Formatting your input data
The files that you use to import data into Amazon Personalize must map to the schema that you are using.
Amazon Personalize imports data only from files that are in the comma-separated
values (CSV) format. Amazon Personalize requires the first row of your CSV file to
contain column headers. The column headers in your CSV file need to map to
the schema to create the dataset. Don't enclose headers in quotation marks
("). TIMESTAMP
and CREATION_TIMESTAMP
data must be
in UNIX epoch time format.

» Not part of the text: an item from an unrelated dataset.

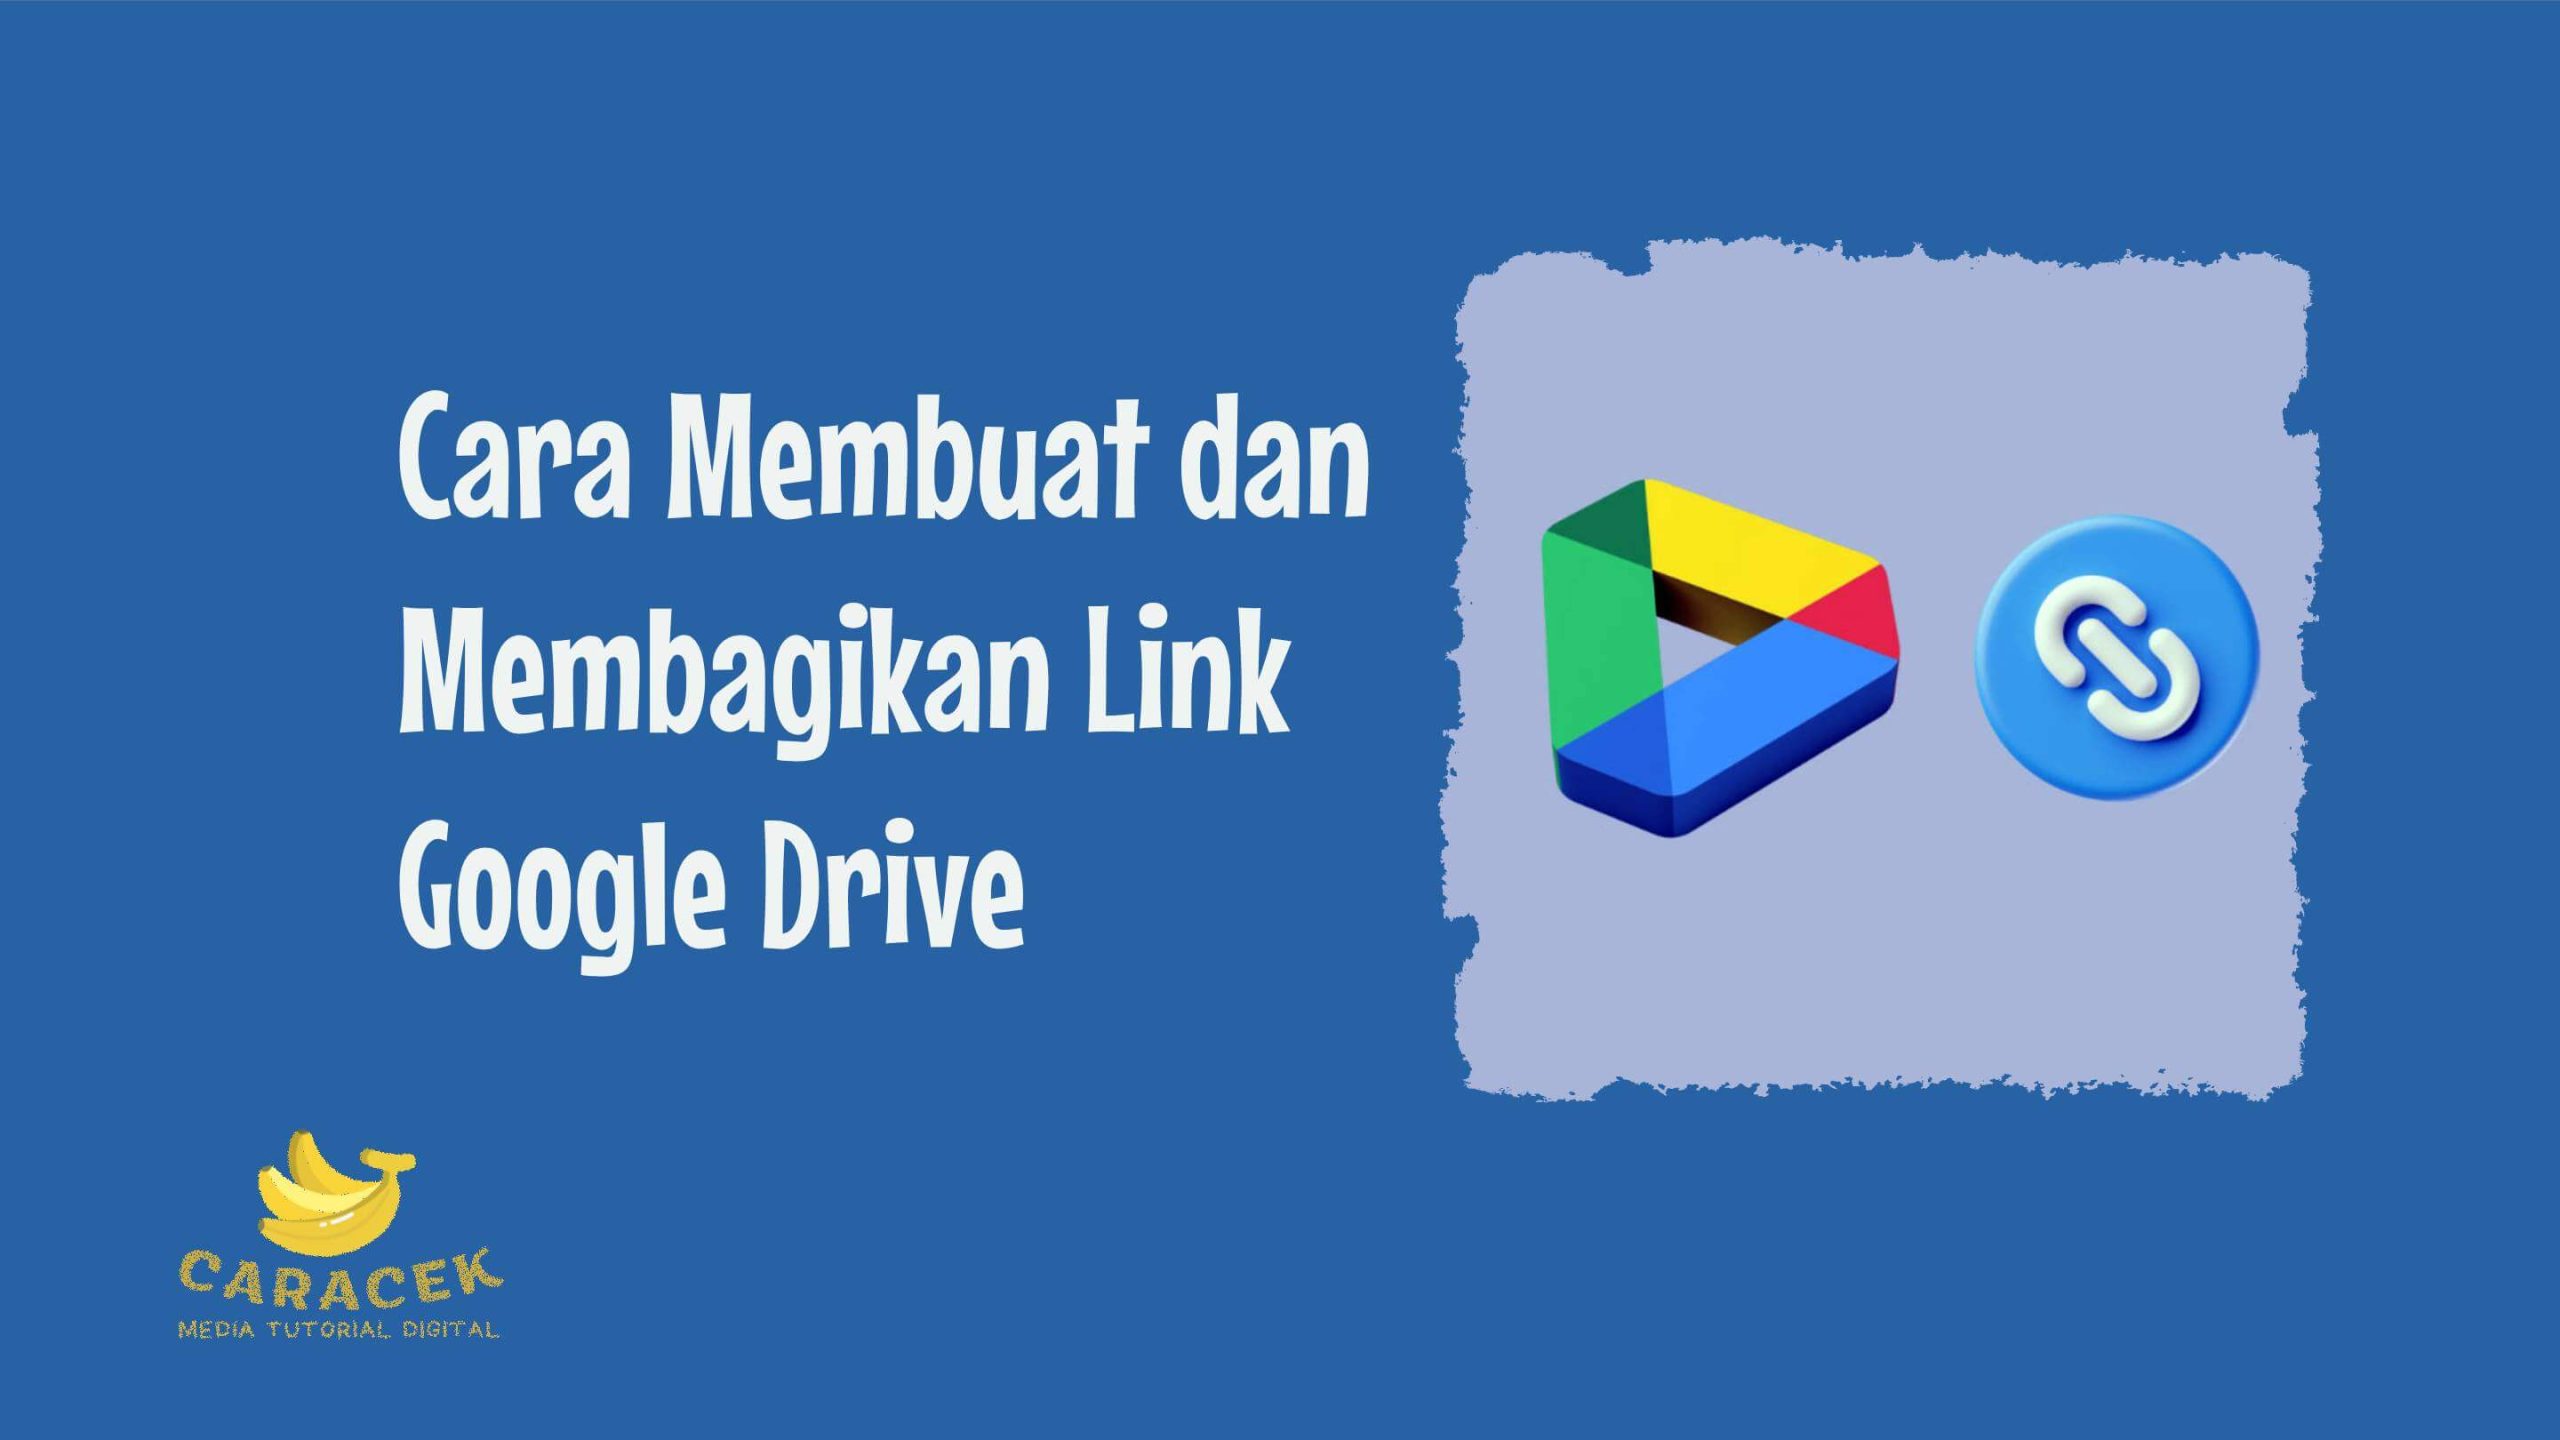 Cara Membuat dan Membagikan Link Google Drive

For more information see
Timestamp data.
If your data includes any non-ASCII encoded characters, your CSV file must be encoded in UTF-8 format.
The following interactions data represents historical user activity from a website that sells movie tickets. You can use the data to train a model that gives a user movie recommendations based on the activities of other users.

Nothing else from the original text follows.